While it’s one of the enduring tenets in the CRM market, a 360-degree view of the customer is fundamentally flawed.  Why is that?  Having all the information at your fingertips about any given customer is of little value if you can’t do anything with it to better serve the customer at the point of interaction, across all contact channels and organization silos.

The first wave of CRM software solutions concentrated on delivering a data-centric view of the customer.   That is, pulling all of the information about the customer into a consolidated database to make it available to a customer support rep (CSR).   For today’s customer —whether B2B or B2C— it is not enough to know what products or services they have purchased in the past.  They want you to meet their particular need ‘at the moment of interaction,’ i.e. when they contact you.  Today’s consumers want you to recognize them regardless of channel (e.g., email, phone, web, branch, etc.).  Today’s customers need companies to not only address their problems, but also resolve them.  Now, not later.  

To do this successfully requires rethinking organizational structures and business processes so that the client-facing, front-office systems and the back-office systems become one. This makes it possible to create a case around a given customer inquiry or request, and then automatically fulfill it – without a phone transfer, a trouble ticket routing, or other hand-off that stops short of immediately satisfying the customer’s need.

Customer centricity has been around as a concept for a while.  According to Wikipedia:

 “Customer centricity refers to the orientation of a company to the needs and behaviors of its customers.  Through this approach the customer becomes the central platform from which the organization operates and any decisions taken are viewed from the customer’s point of view.” 
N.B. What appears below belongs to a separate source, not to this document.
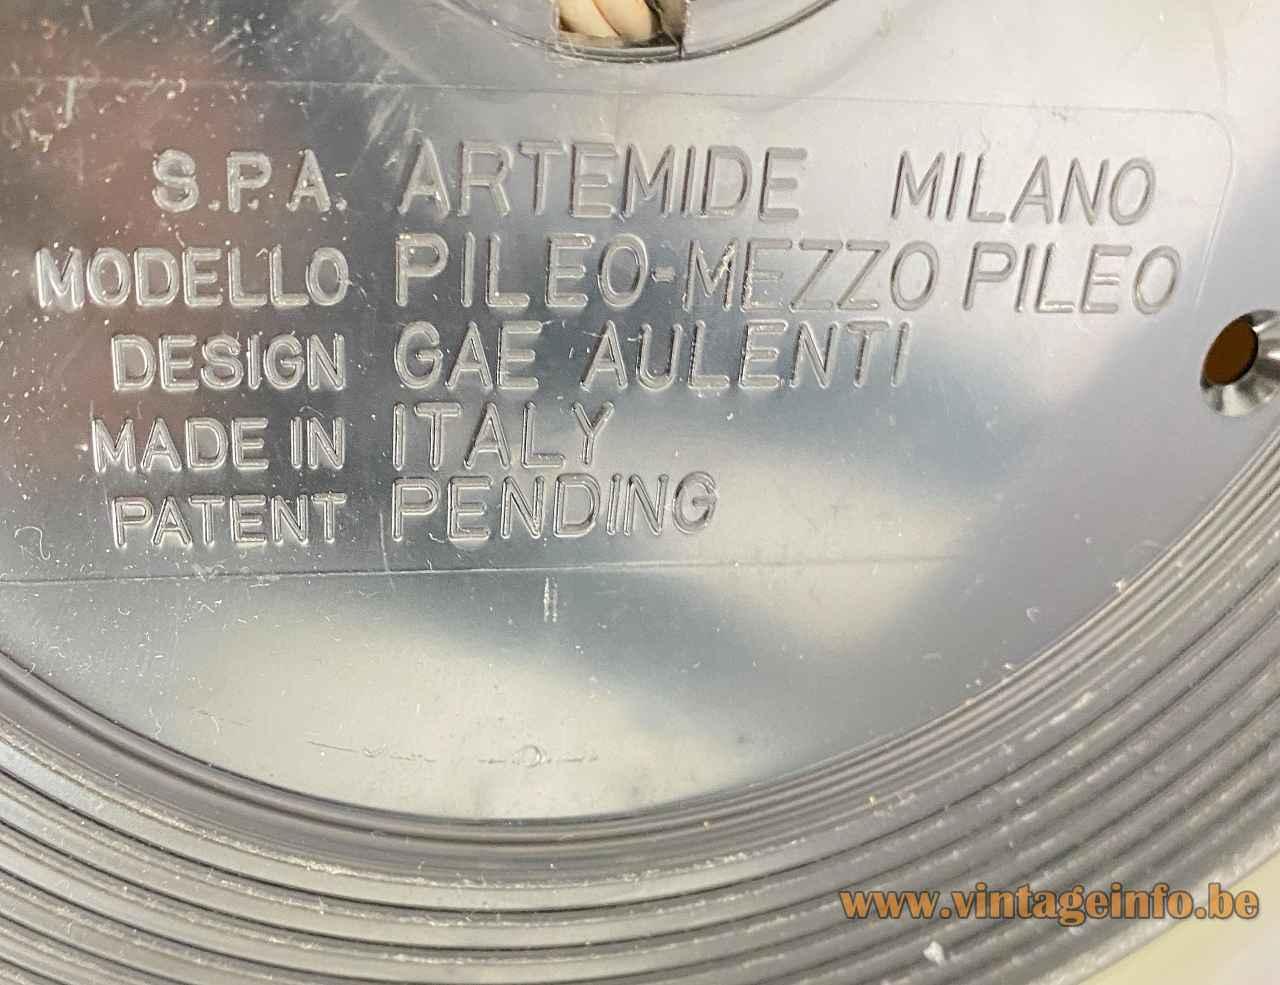 Gae Aulenti Artemide Mezzopileo table lamp round black plastic bottom label logo Pileo 1970s Italy
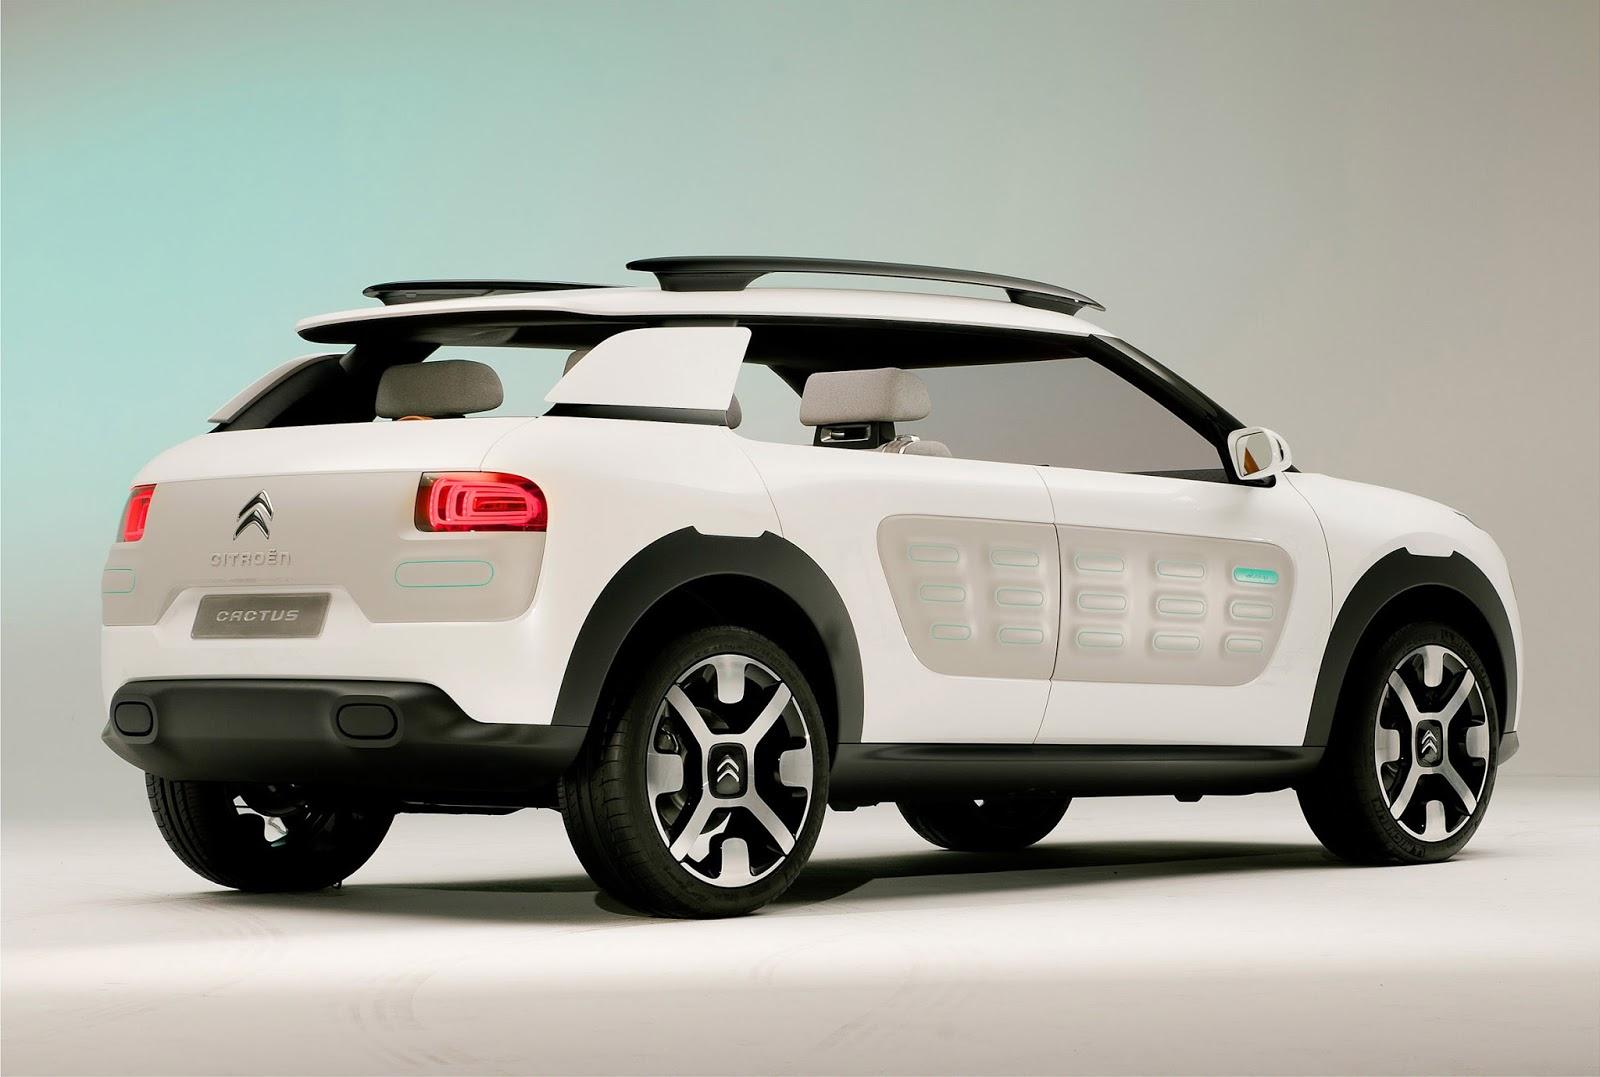 Citroen Cactus Concept 2013 Hottest Car Wallpapers

Peter Drucker, one of the foremost management consultants, had a more succinct expression about serving customers that implies customer centricity:  “The purpose of business is to create and keep a customer.”   Only now, enabled by advanced BPM software solutions, can business achieve true customer centricity and finally move beyond the limitations of data-centric software solutions.

Some of the world’s leading companies are already realizing significant returns by adopting a more customer-centric and holistic approach to their business.  For example, Standard Life achieved marketing response rates 35 percent ahead of target.  Farmers Insurance reduced its new small commercial business cycle time from 14 Days down to 14 Minutes.  BB&T created a world-class, multi-channel account opening solution — in just 90 daysOrange UK improved retention, increased profitability, and is transforming the customer experience with centralized decisioning technology.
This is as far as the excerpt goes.